Mann-Whitney U test statistic
The Mann-Whitney U test statistic (or Wilcoxon or Kruskall-Wallis test
statistic) is equivalent to the AUC (Mason, 2002). The AUC can be
calculated from the output of the wilcox.test() function:
wt <-wilcox.test(data=df, df$Biomarker_value ~ df$HCC)
1 - wt$statistic/(sum(df$HCC==1)*sum(df$HCC==0))
W
0.875
The p-value of the Mann-Whitney U test can thus safely be used to test
whether the AUC differs significantly from 0.5 (AUC of an uninformative
test).
wt <-wilcox.test(data=df, df$Biomarker_value ~ df$HCC)
wt$p.value
[1] 0.04848485
Simulation: the completely uninformative test.
Now, let’s have a look how our plots look like if our biomarker is not
informative at all.
Data creation:
#simulation of the data
set.seed(12345)
HCC <- rbinom (n=12, size=1, prob=0.27)
Biomarker_value <- rnorm (12,mean=1,sd=0.1) + HCC*0
# replacing the zero by a value would make the test informative
df<-data.frame (HCC, Biomarker_value)
library(knitr)
kable (head(df))
HCC | Biomarker_value |
---|---|
0 | 1.0630099 |
1 | 0.9723816 |
1 | 0.9715840 |
1 | 0.9080678 |
0 | 0.9883752 |
0 | 1.1817312 |
The function expand.grid() is used to create all possible combinations
of one case and one control:
newdf<- expand.grid (Biomarker_value [df$HCC==0],Biomarker_value [df$HCC==1])
colnames(newdf)<- c("NoHCC", "HCC")
newdf$Pair <- seq(1,dim(newdf)[1])
For each pair the values of the biomarker are compared between case and
control:
newdf$Comparison <- 1*(newdf$HCC>newdf$NoHCC)
mean(newdf$Comparison)
[1] 0.40625
newdf$Comparison<-factor(newdf$Comparison, labels=c("HCC>NoHCC","HCC<=NoHCC"))
library (knitr)
kable(head(newdf,4))
NoHCC | HCC | Pair | Comparison |
---|---|---|---|
1.0630099 | 0.9723816 | 1 | HCC>NoHCC |
0.9883752 | 0.9723816 | 2 | HCC>NoHCC |
1.1817312 | 0.9723816 | 3 | HCC>NoHCC |
1.0370628 | 0.9723816 | 4 | HCC>NoHCC |
library(data.table)
setDT(newdf)
longdf = melt(newdf, id.vars = c("Pair", "Comparison"),
variable.name = "Group",
measure.vars = c("HCC", "NoHCC"))
lab<-paste("AUC = Proportion n of green lines nAUC=", round(table(newdf$Comparison)[2]/sum(table(newdf$Comparison)),3))
library(ggplot2)
fav.col=c("#1A425C", "#8AB63F")
ggplot(longdf, aes(x=Group, y=value))+geom_line(aes(group=Pair, col=Comparison)) +
scale_color_manual(values=fav.col)+theme_bw() +
ylab("Biomarker value") + geom_text(x=0.75,y=0.95,label=lab) +
geom_point(shape=21, size=2) +
theme(legend.title=element_blank(), legend.position="bottom")
library(ROCR)
pred <- prediction(df$Biomarker_value, df$HCC )

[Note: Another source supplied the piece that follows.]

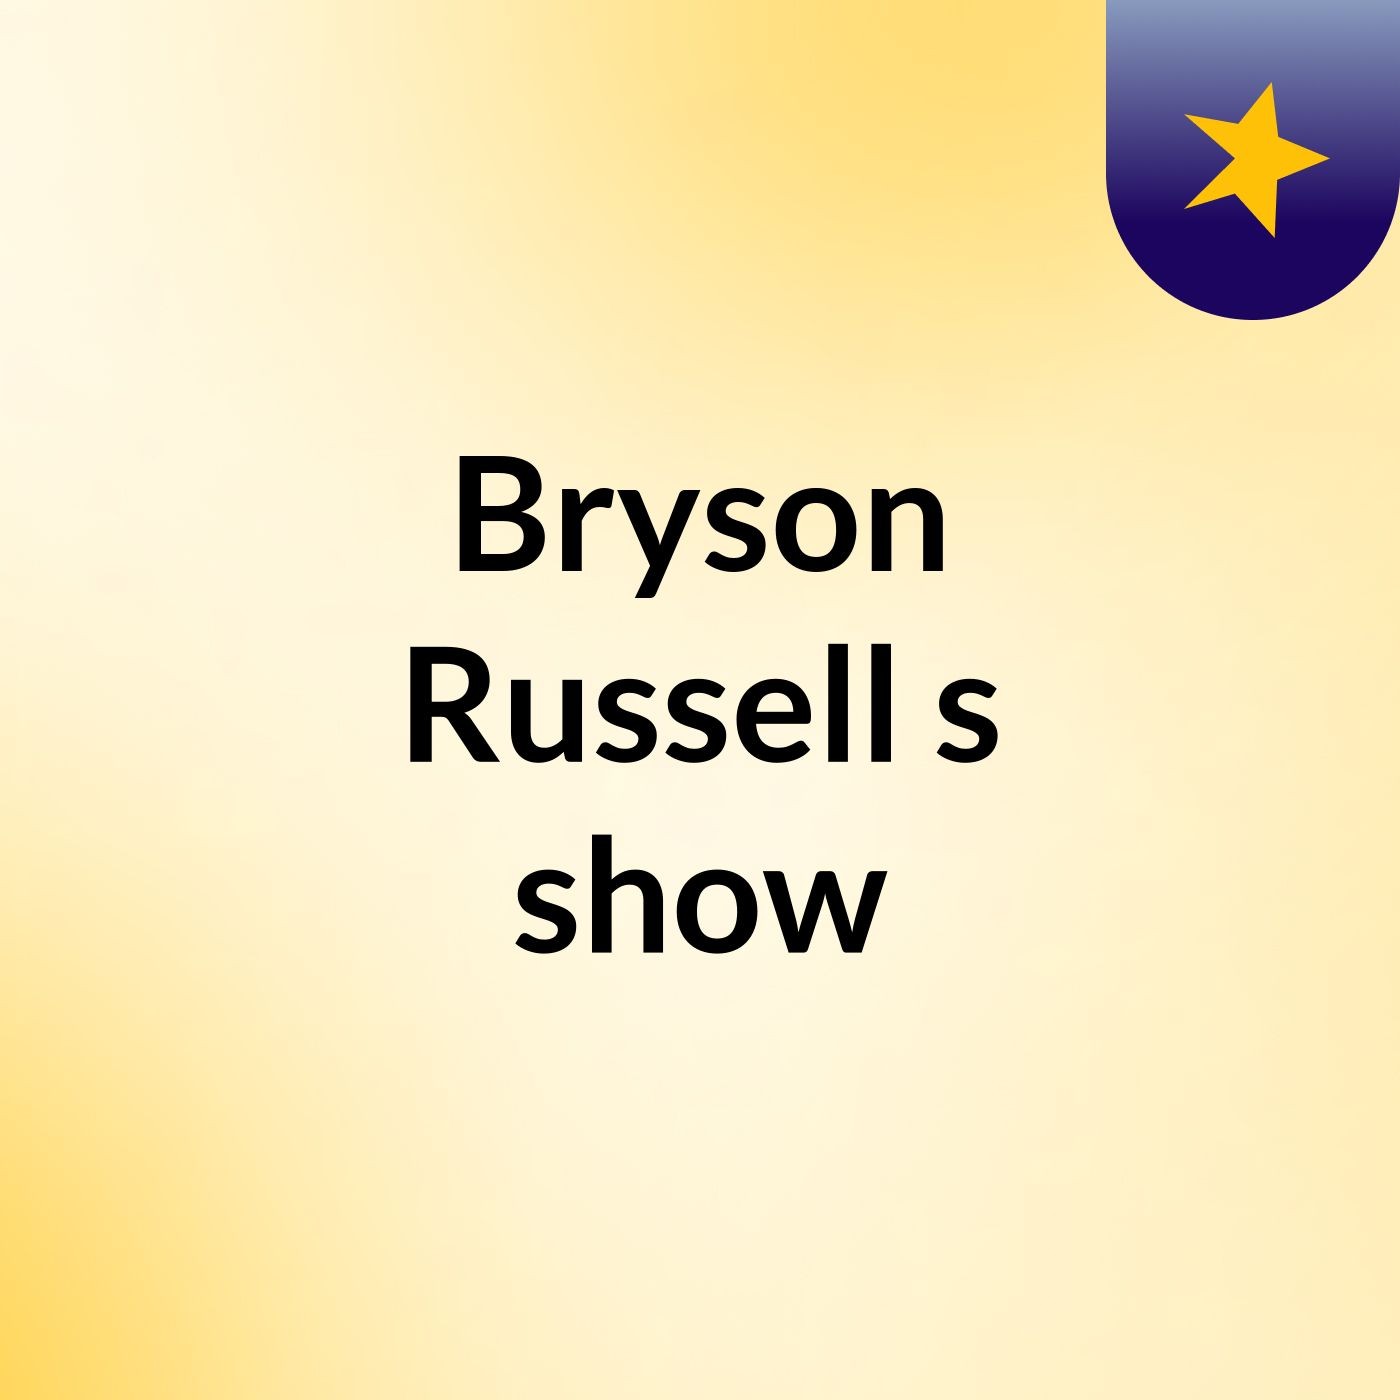 Episode 3 - Bryson Russell's show

perf <- performance(pred,"tpr","fpr")
plot(perf,col="black")
abline(a=0, b=1, col="#8AB63F")
Calculating the AUC:
auc<- performance( pred, c("auc"))
unlist(slot(auc , "y.values"))
[1] 0.40625
Sensitivity and specificity as a function of the cutoff points of the
biomarker:
library(ROCR)
testy <- performance(pred,"tpr","fpr")
plot(testy@alpha.values[[1]], testy@x.values[[1]], type='n', xlab='Cutoff points of the biomarker', ylab='sensitivity or specificity')
lines(testy@alpha.values[[1]], testy@y.values[[1]], type='s', col="#1A425C")

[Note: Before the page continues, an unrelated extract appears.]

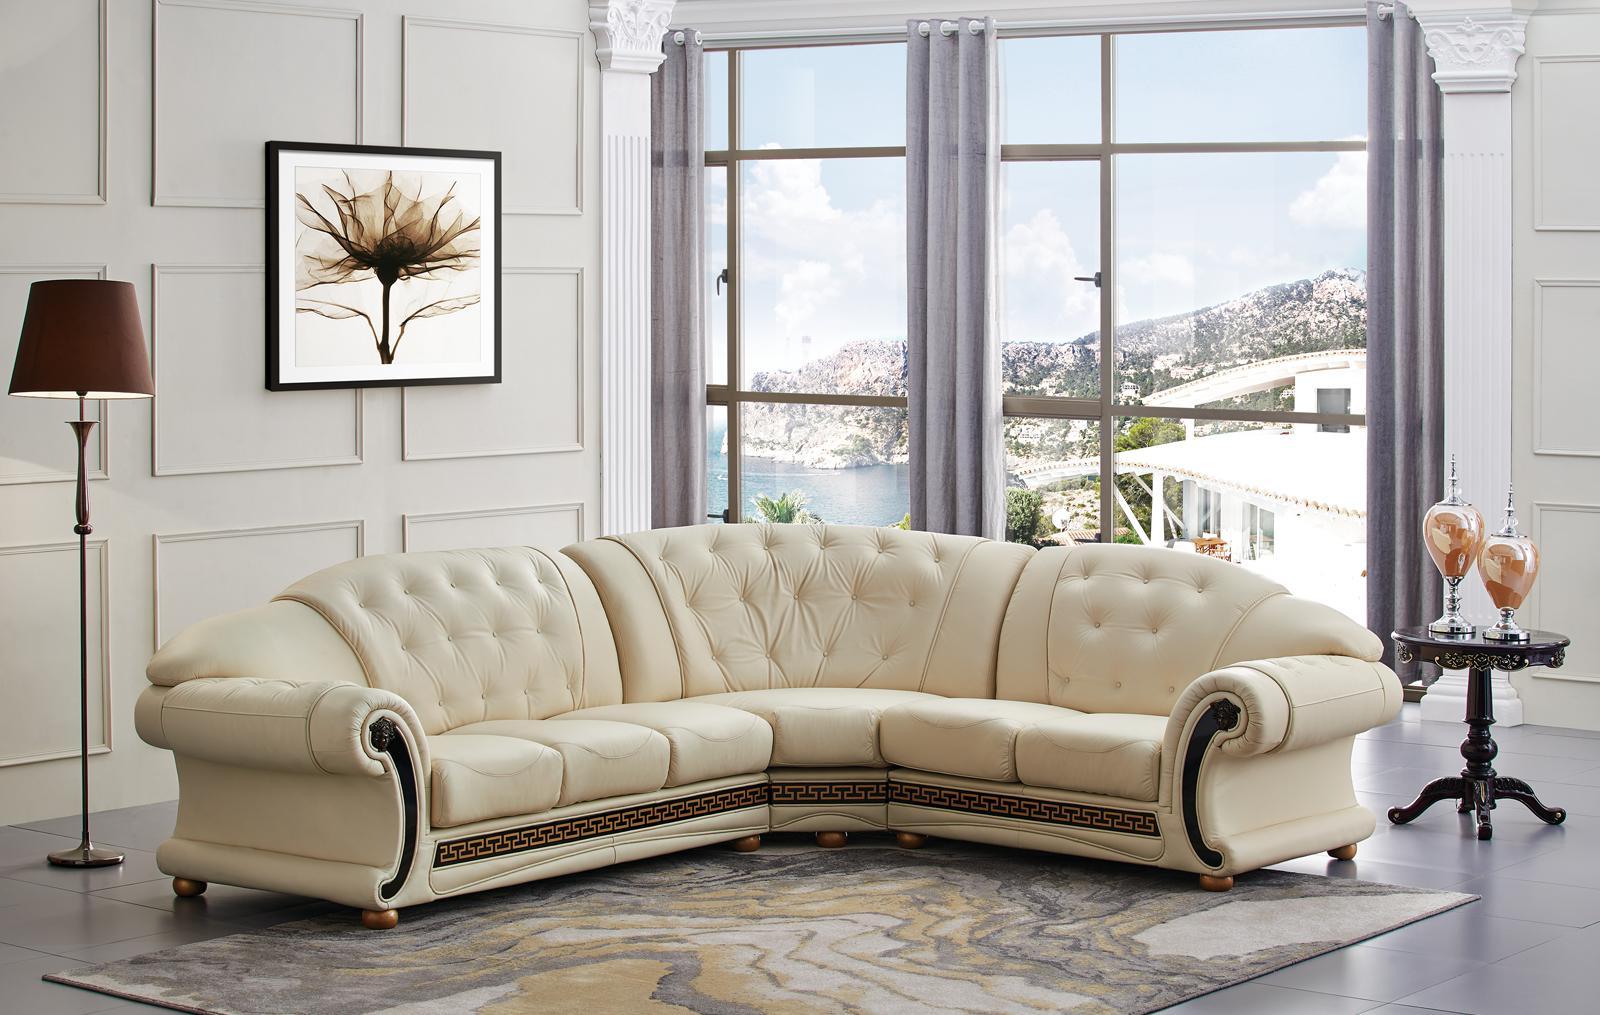 

    
Ivory Genuine Leather Tufted Sectional Sofa Anais 82.3 Right Hand Facing Classic

lines(testy@alpha.values[[1]], 1-testy@x.values[[1]], type='s', col="#8AB63F")
legend(1.07,.85, c('sensitivity', 'specificity'), lty=c(1,1), col=c("#1A425C", "#8AB63F"), cex=.9, bty='n')

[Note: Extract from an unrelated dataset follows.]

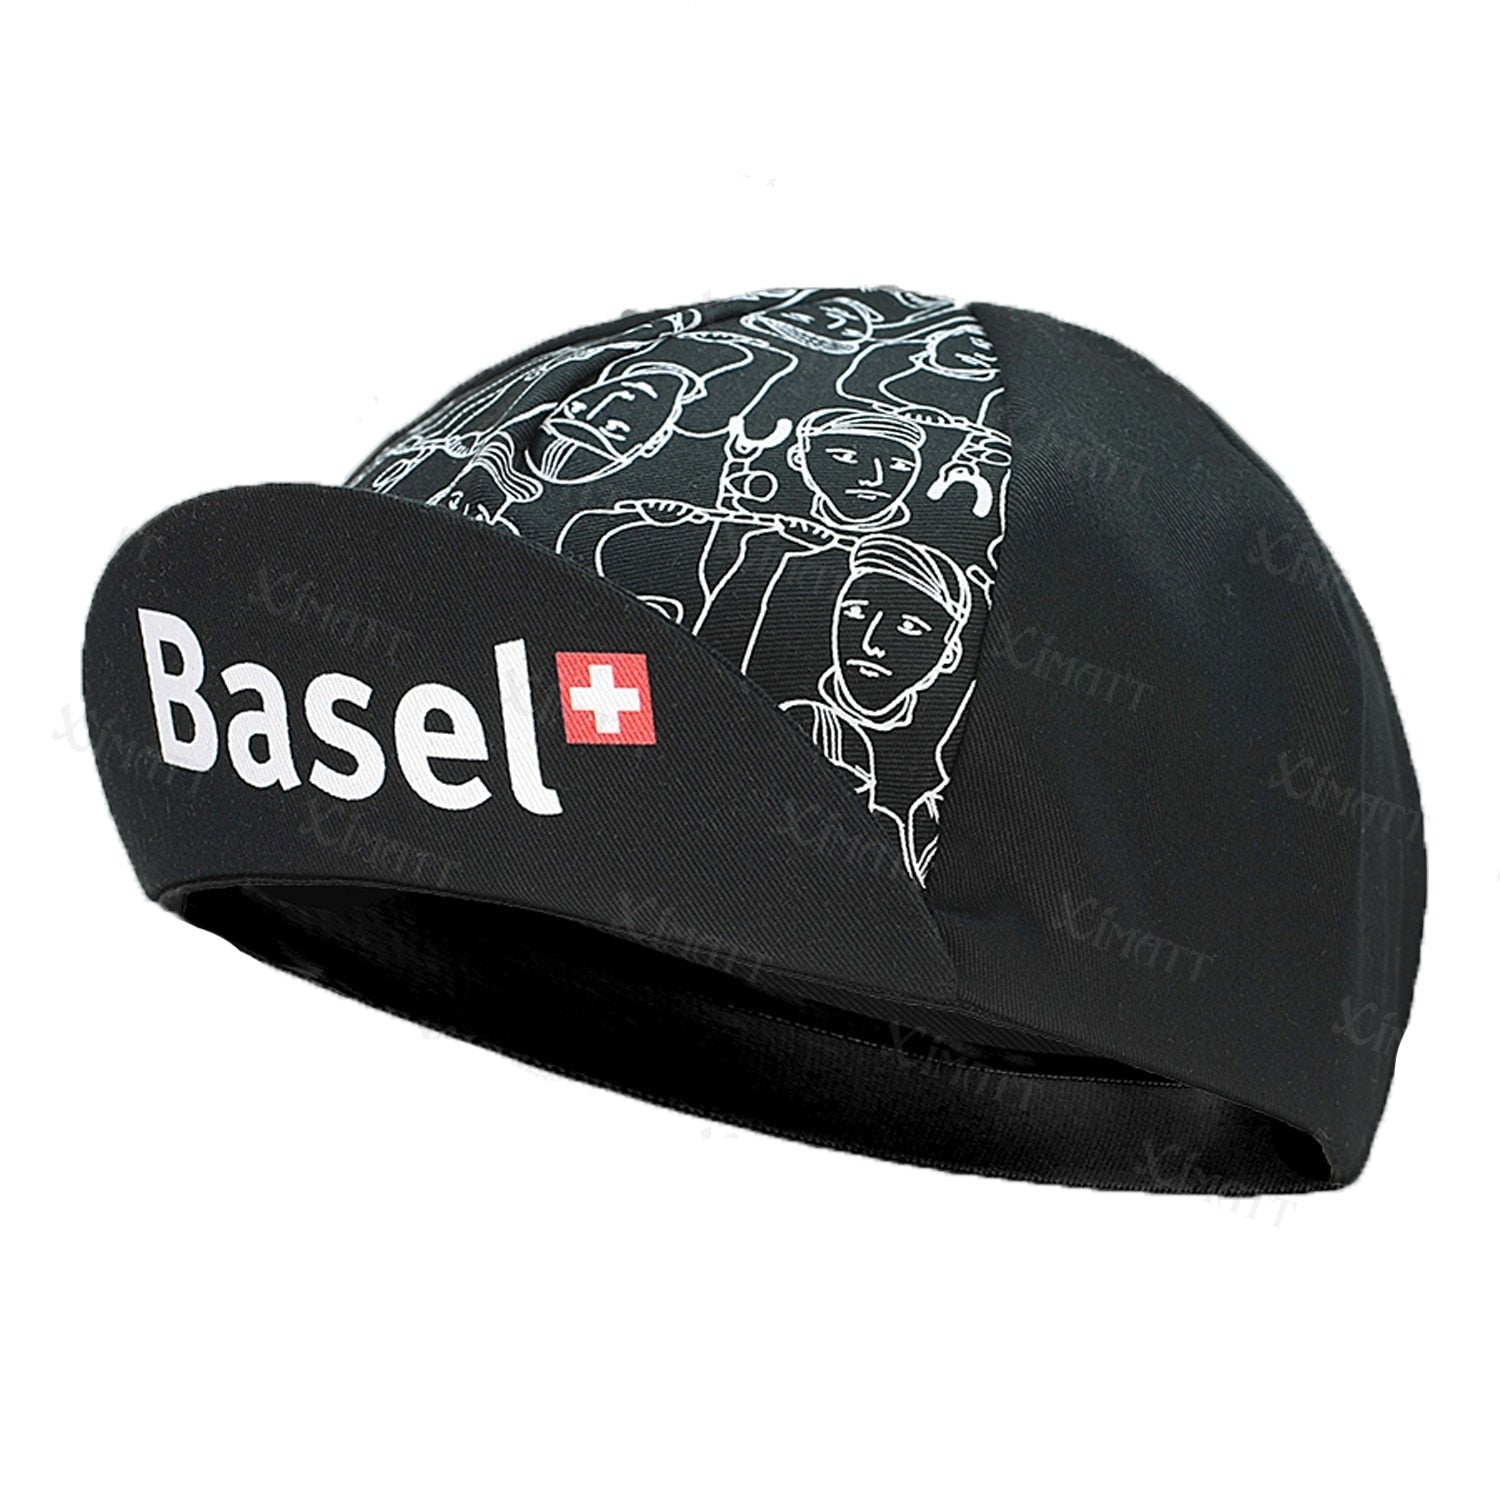 Black Series Most Popular  Polyester Cycling Caps Sports Quick Dry Bicycle Hat Men Women Wear Absorb Sweat Breathable

Equivalence with the Mann-Whitney U test:
wt <-wilcox.test(data=df, df$Biomarker_value ~ df$HCC)
1 - wt$statistic/(sum(df$HCC==1)*sum(df$HCC==0))
W
0.40625
wt$p.value
[1] 0.6828283
General remarks on the AUC
- Often, a combination of new markers is selected from a large set.
This can result in overoptimistic expectations of the marker’s
performance. Any performance measure should be estimated with
correction for optimism, for example by applying cross-validation or
bootstrap resampling. However, validation in fully independent,
external data is the best way to validate a new marker. - When we want to assess the incremental value of a additional marker
(e.g. molecular, genetic, imaging) to an existing model, the
increase of the AUC can be reported.
References
Mason, S. J. and Graham, N. E. (2002), Areas beneath the relative
operating characteristics (ROC) and relative operating levels (ROL)
curves: Statistical significance and interpretation. Q.J.R. Meteorol.
Soc., 128: 2145-2166.
Steyerberg, Ewout W. et al. “Assessing the Performance of Prediction
Models: A Framework for Some Traditional and Novel Measures.”
Epidemiology (Cambridge, Mass.) 21.1 (2010): 128-138.